▸ **YOUR INSTRUCTIONS**: Nothing is needed except the lines below that run from the one with "Stock-Off - Black Friday" through the one with "nieuwbouw-appartement-pilar-de-la-horadada_5785_xl", repeated exactly.

▸ **RECORDS TO USE**:
---+---

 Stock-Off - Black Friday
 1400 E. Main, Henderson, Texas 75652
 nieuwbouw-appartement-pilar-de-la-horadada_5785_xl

---+---

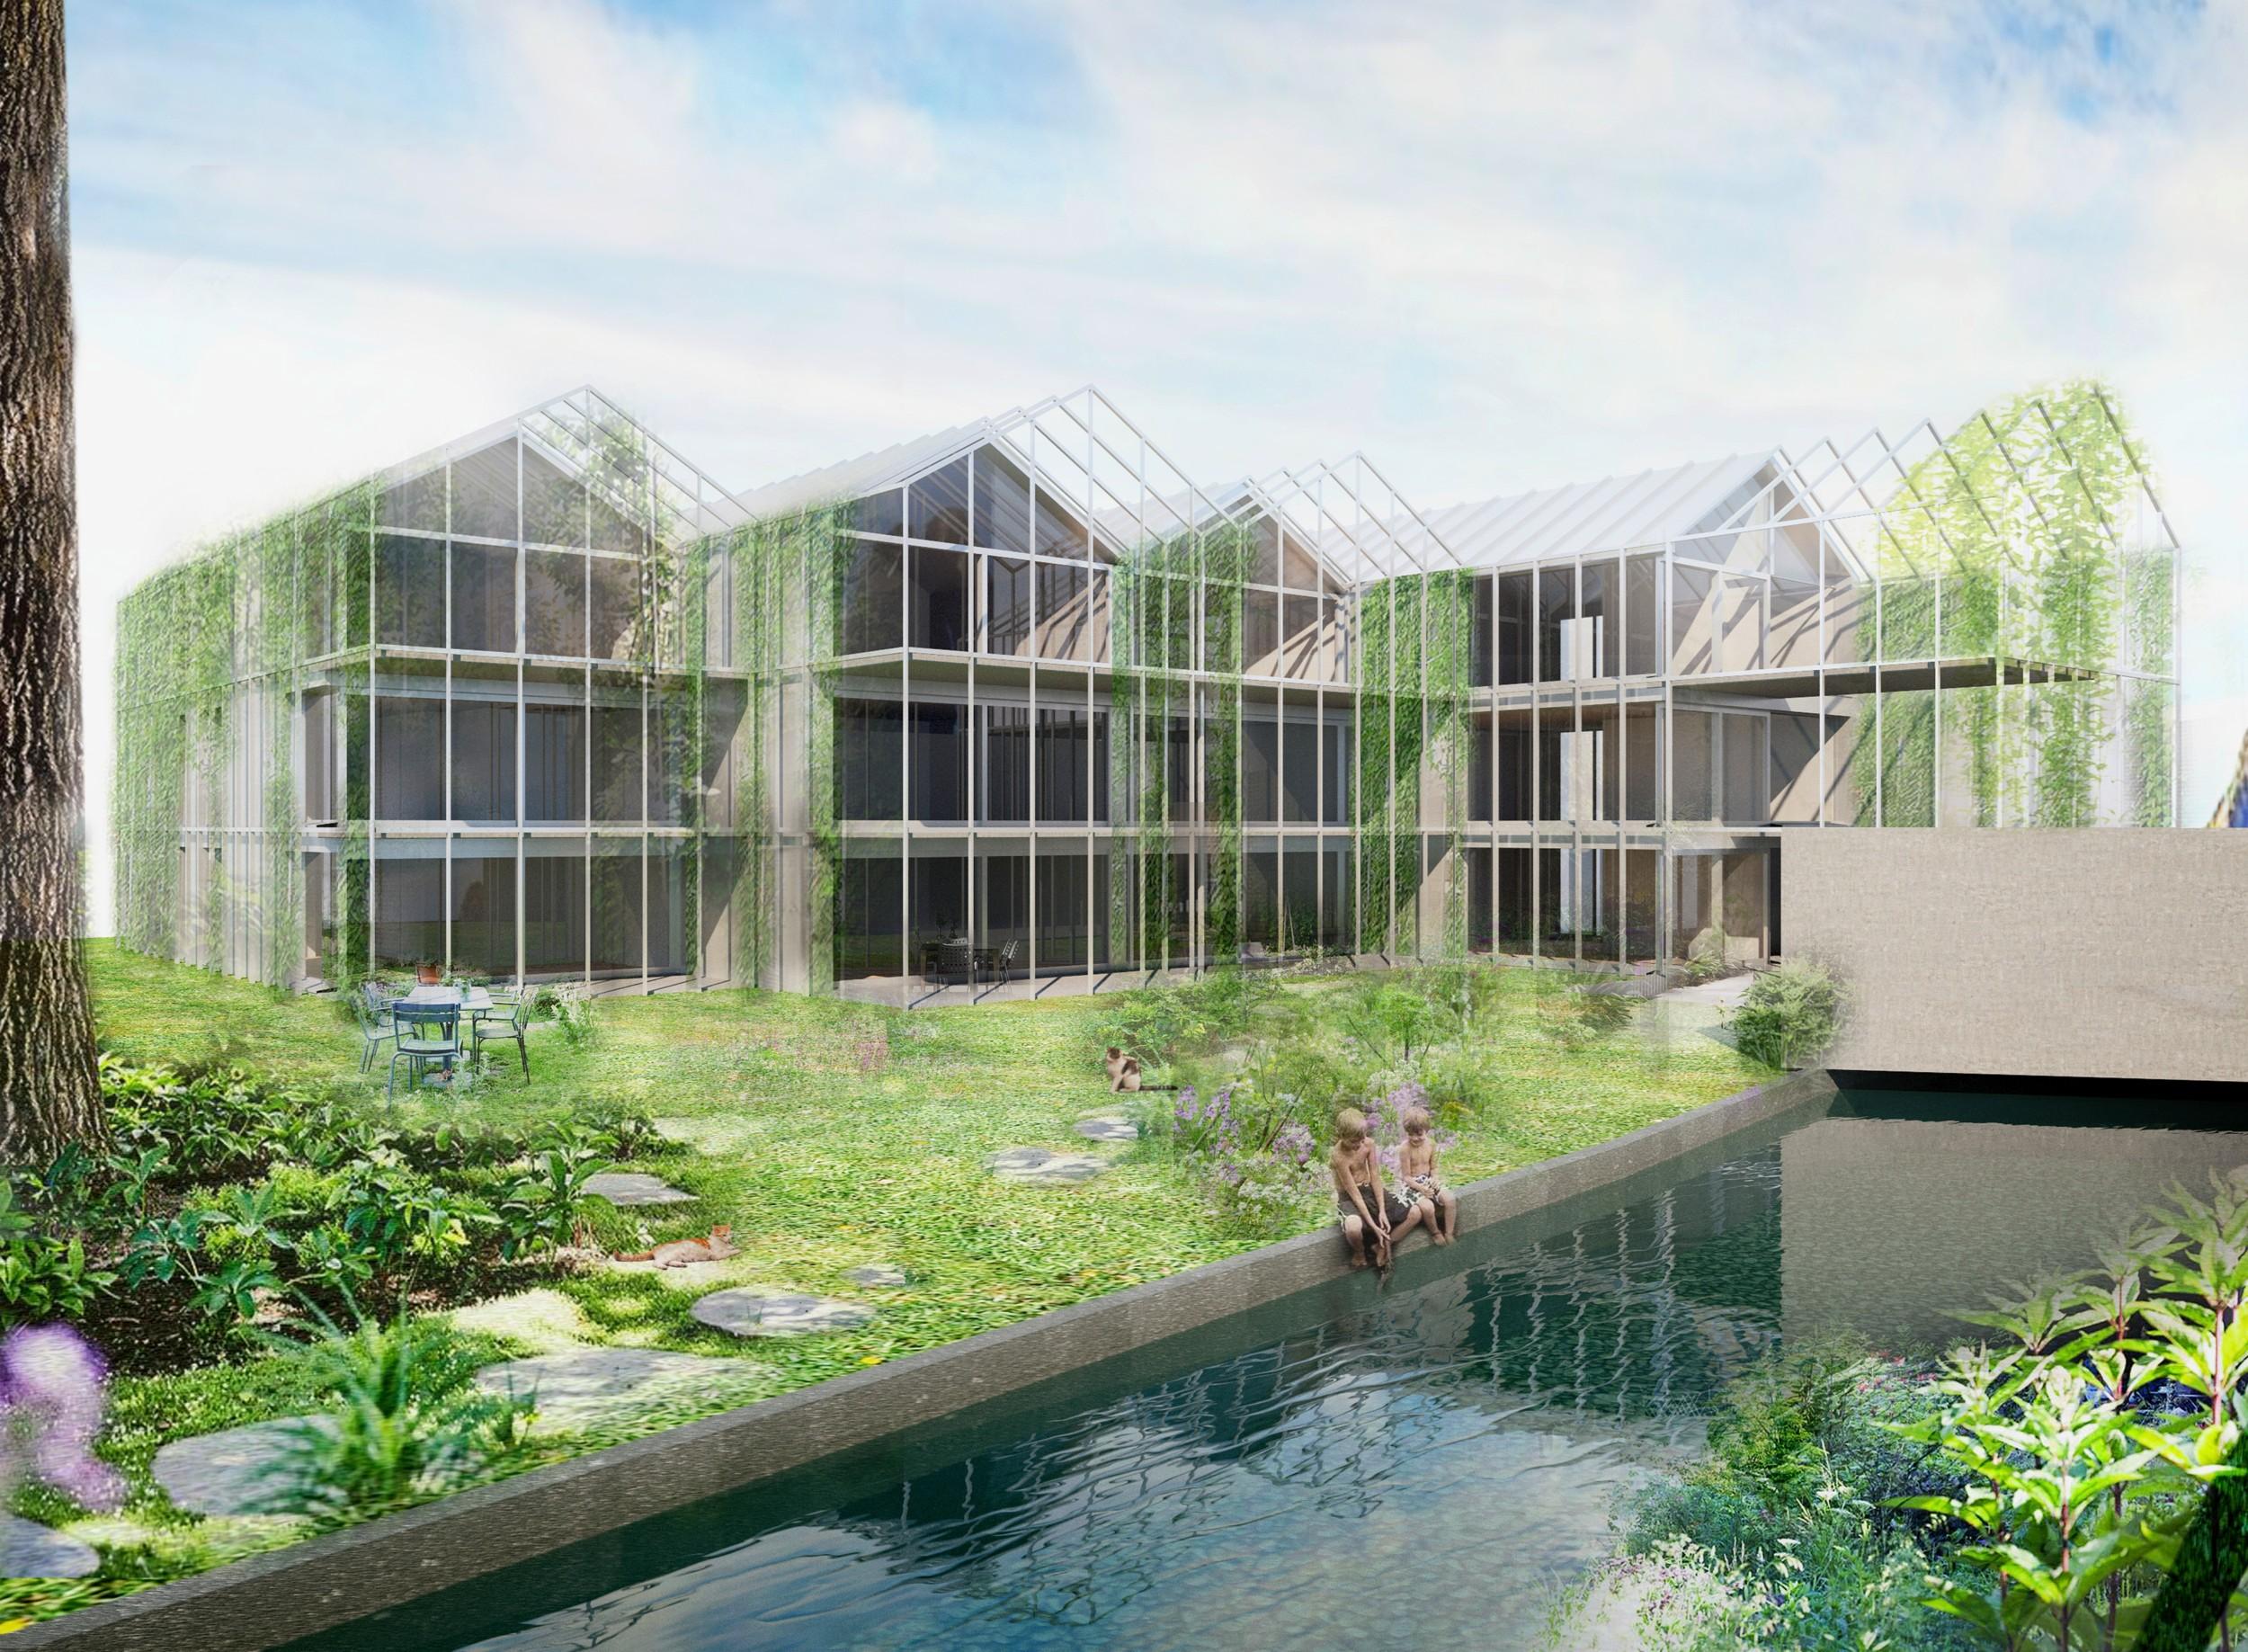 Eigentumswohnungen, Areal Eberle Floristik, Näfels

---+---

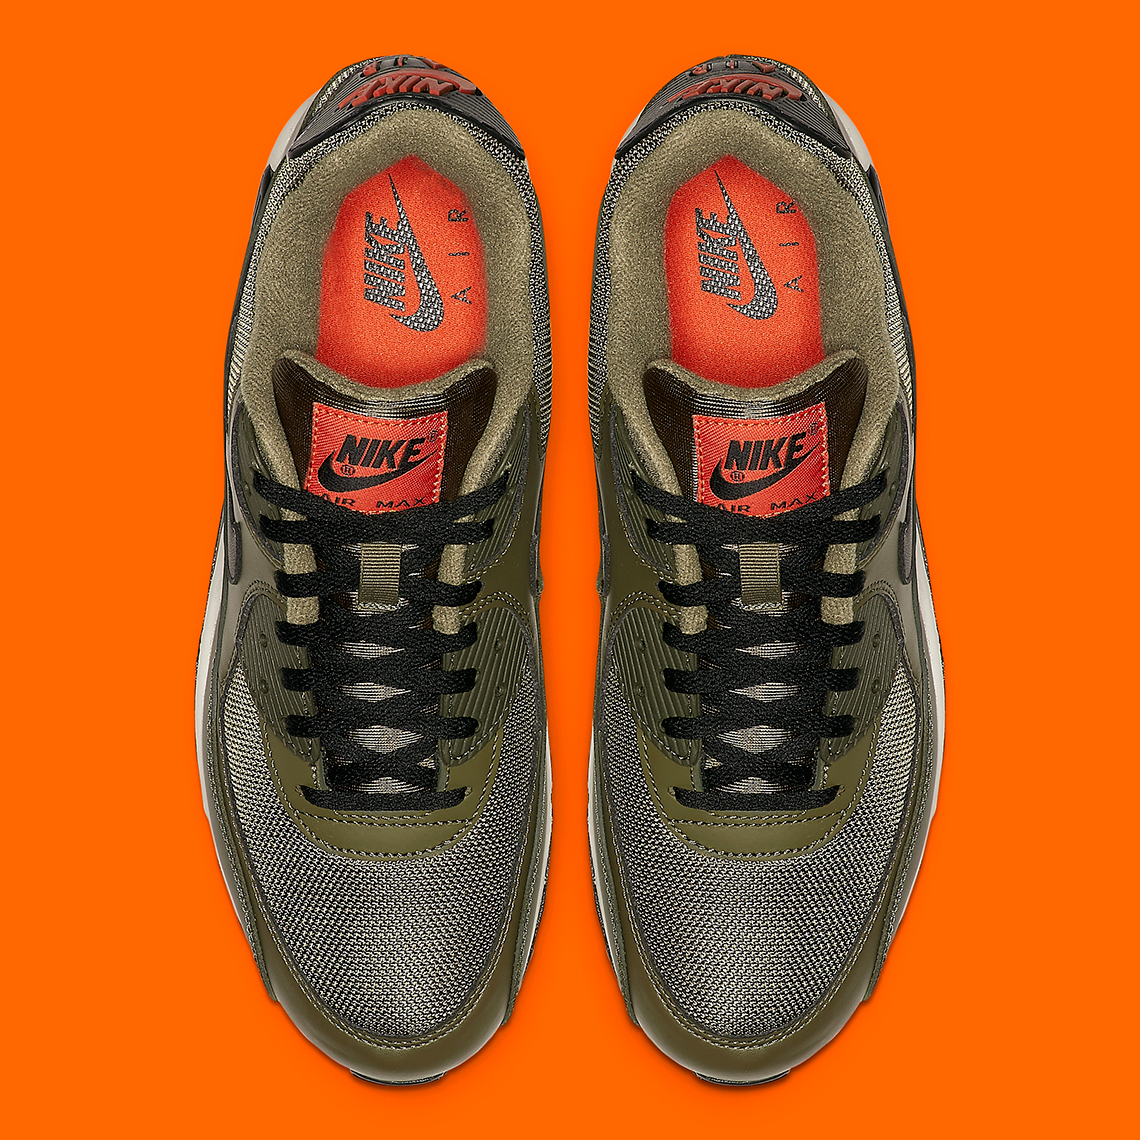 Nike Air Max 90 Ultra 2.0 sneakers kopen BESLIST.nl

---+---

▸ **SOLUTION TO THIS TASK**:
 Stock-Off - Black Friday
 1400 E. Main, Henderson, Texas 75652
 nieuwbouw-appartement-pilar-de-la-horadada_5785_xl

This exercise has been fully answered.